El 28 de diciembre fue la fecha escogida, la hora 7:00 p.m. La noche estaba fresca y nublada. Las bendiciones del cielo nos tocaron en forma de llovizna. Fuimos llegando a casa de Mercin Castillo, el exentrenador, como a una práctica de baloncesto: algunos llegaron temprano para ir calentando el brazo, no con la pelota, sino con la cerveza; otros fuimos puntuales y nos unimos al calentamiento; los demás llegaron tarde (ninguno de los entrenadores presentes los mandó a correr como castigo). A todos nos recibieron con algarabía y nos tomaron la foto de rigor con el marco del junte.

Tres generaciones de anacaonistas nos reencontramos. Algunos llegaron acompañados de sus parejas y otros con los hijos, confirmando lo que dijo Billini: “Baní es una familia” y nosotros agregamos que “Todos en el barrio somos hermanos”, porque eso fue lo que vivimos: una hermandad.

Además de Mercin y su esposa Rosi de Castillo, estuvimos presentes: Leandro Celado y su hijo Yhoshua; Walnel, Daniel Soto, Francis Beltré (Natra), Rodolfo Bautista, Alexis Herrera, Pally Mejía, Rafael González, Rodolfo Álvarez (Matos), Joaquín González, Elvis León (Chatín), Jorge Mejía (Carpintero), Enrique Mejía y esposa, Ramón González, Alberto Martínez (Beto), Manuel Serret (Amadito), David Pérez (Calientes), Ramón Celado (Bule) y su esposa Rosa Báez, Jordán García y esposa, Marcial Soto (Tarara) y José González (Conejo) y quien firma esta crónica.

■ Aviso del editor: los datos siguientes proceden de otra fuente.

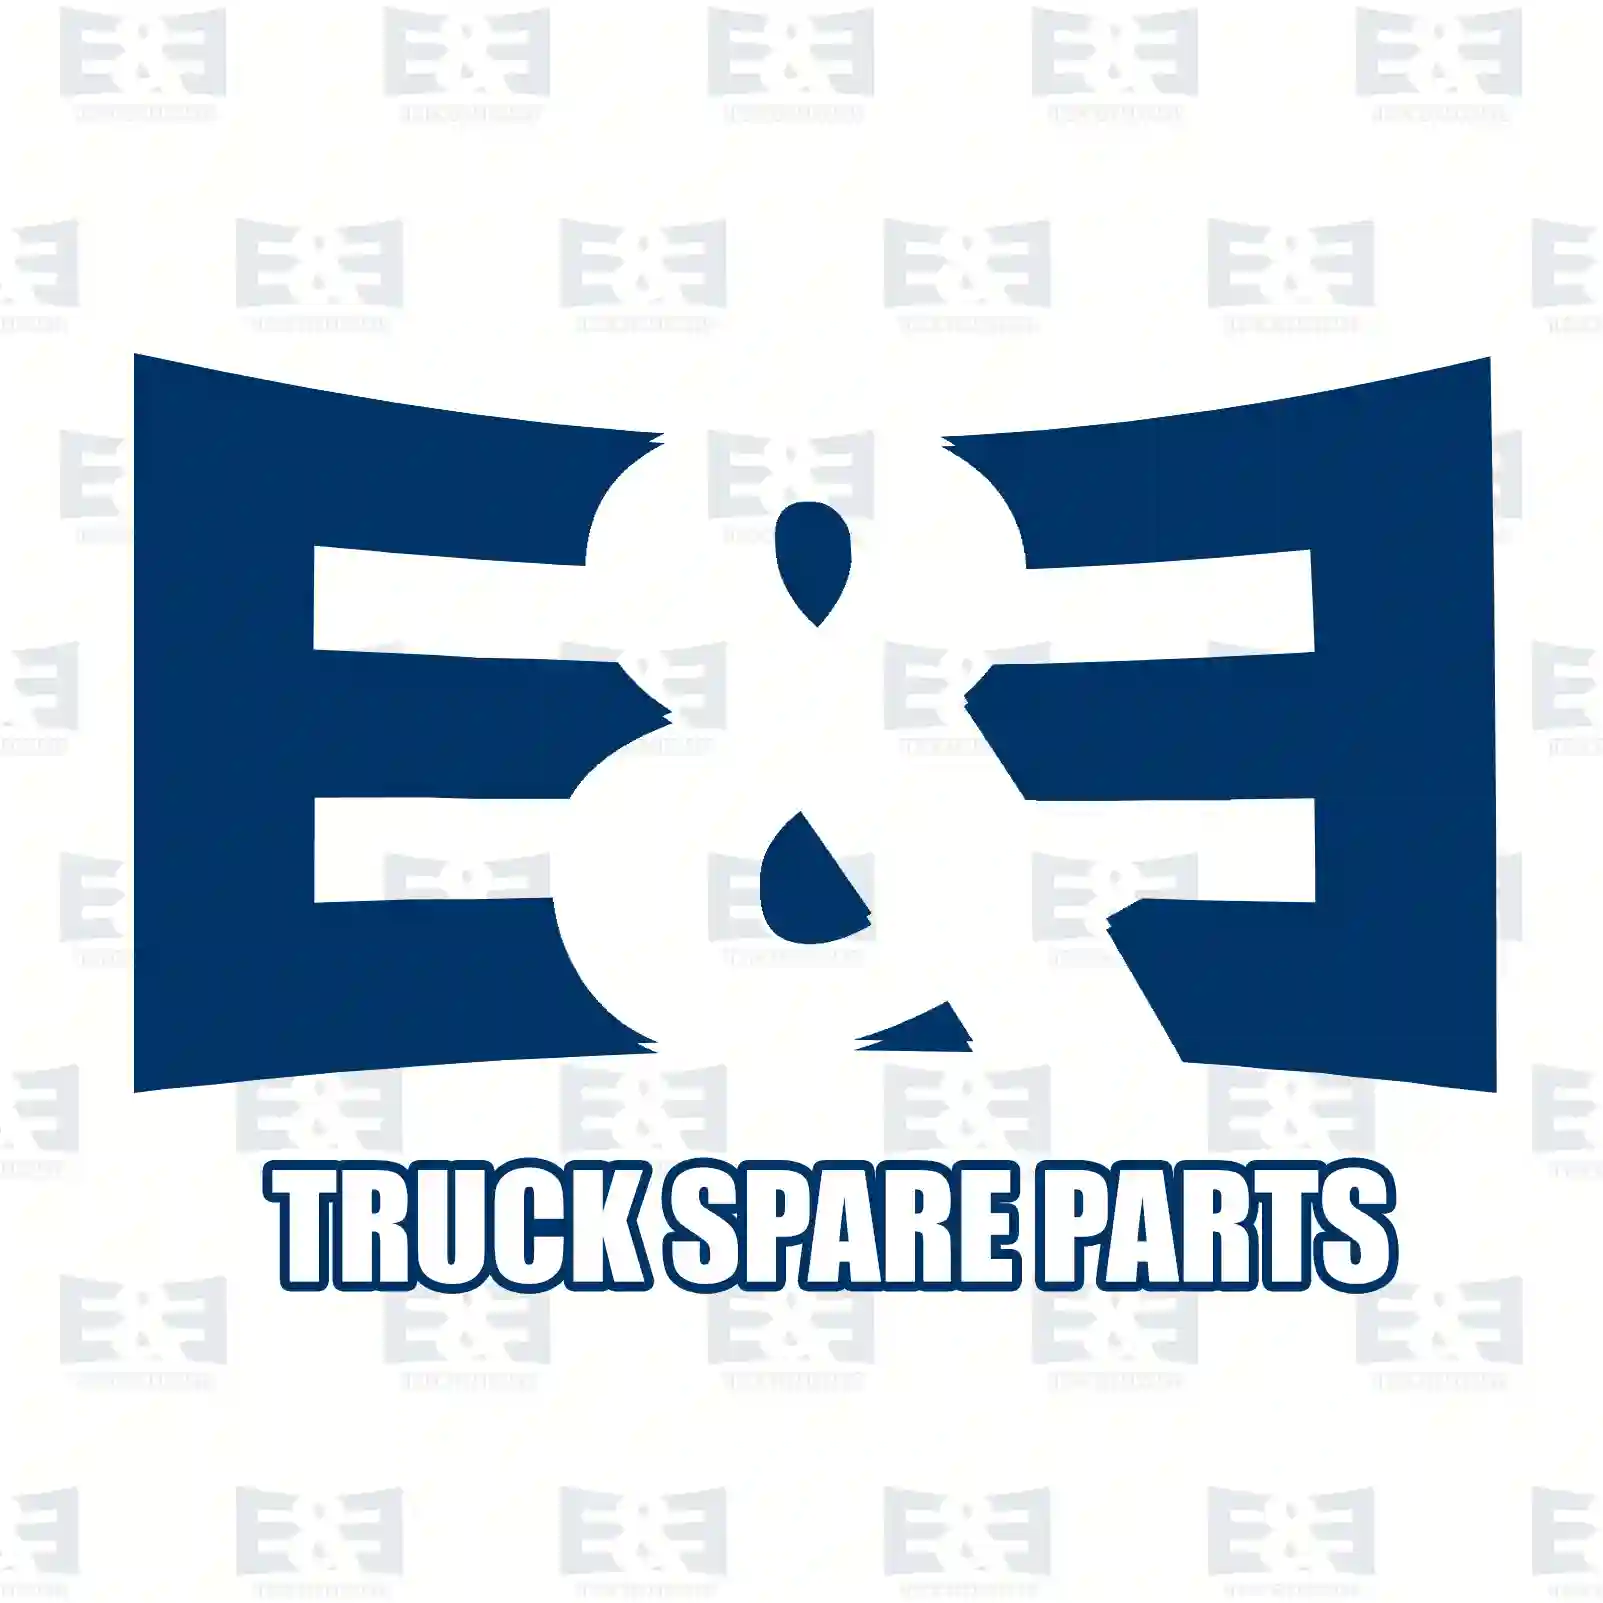 Water pump, 2E2202521, 2003494, 2104576, ZG00741-0008 ||  2E2202521 E&E Truck Spare Parts | Truck Spare Parts, Auotomotive Spare Parts Water pump, 2E2202521, 2003494, 2104576, ZG00741-0008 ||  2E2202521 E&E Truck Spare Parts | Truck Spare Parts, Auotomotive Spare Parts

Las horas fueron cortas para la risa, los cuentos y las anécdotas. Nos confundimos en abrazos, buscando aquellos jóvenes llenos de sueños, metas y esperanza que éramos tiempo atrás y hablamos, algunos mucho y otros pocos. Leandro Celado, ex dirigente, agradeció la presencia de todos, lo dijo con felicidad reflejada en la cara y como todo lo que hace, lo puso en manos del señor. Rodolfo Bautista, ideólogo del junte, también tuvo palabras de agradecimiento. De su parte Mercin Castillo, ex entrenador y anfitrión de la noche, expresó sentirse satisfecho del grupo de jóvenes que pasaron por sus manos y que hoy son hombres y mujeres de bien, padres de familia que aportan a la sociedad. Dijo además que para él fue un honor ayudar a organizar el junte y propuso a Leandro como organizador oficial de las actividades futuras. La propuesta fue aceptada a unanimidad. Los clubistas presentes coincidimos en lo beneficioso que fue para nosotros pertenecer al Club Anacaona, cómo las enseñanzas y consejos de los entrenadores nos ayudaron a mantenernos en las escuelas, lejos de los vicios y a ser mejores personas

Me pareció oportuno el momento para motivar la realización de actividades en beneficio de la juventud del barrio y destaqué la necesidad de darles alternativas de diversión sana. El señor Pally Mejía, joven empresario del pueblo, pidió la palabra para agradecer la invitación y manifestar lo bien que se sentía de compartir con tantos viejos amigos. Agregó que podemos contar con él para actividades futuras que vayan en beneficio de la juventud.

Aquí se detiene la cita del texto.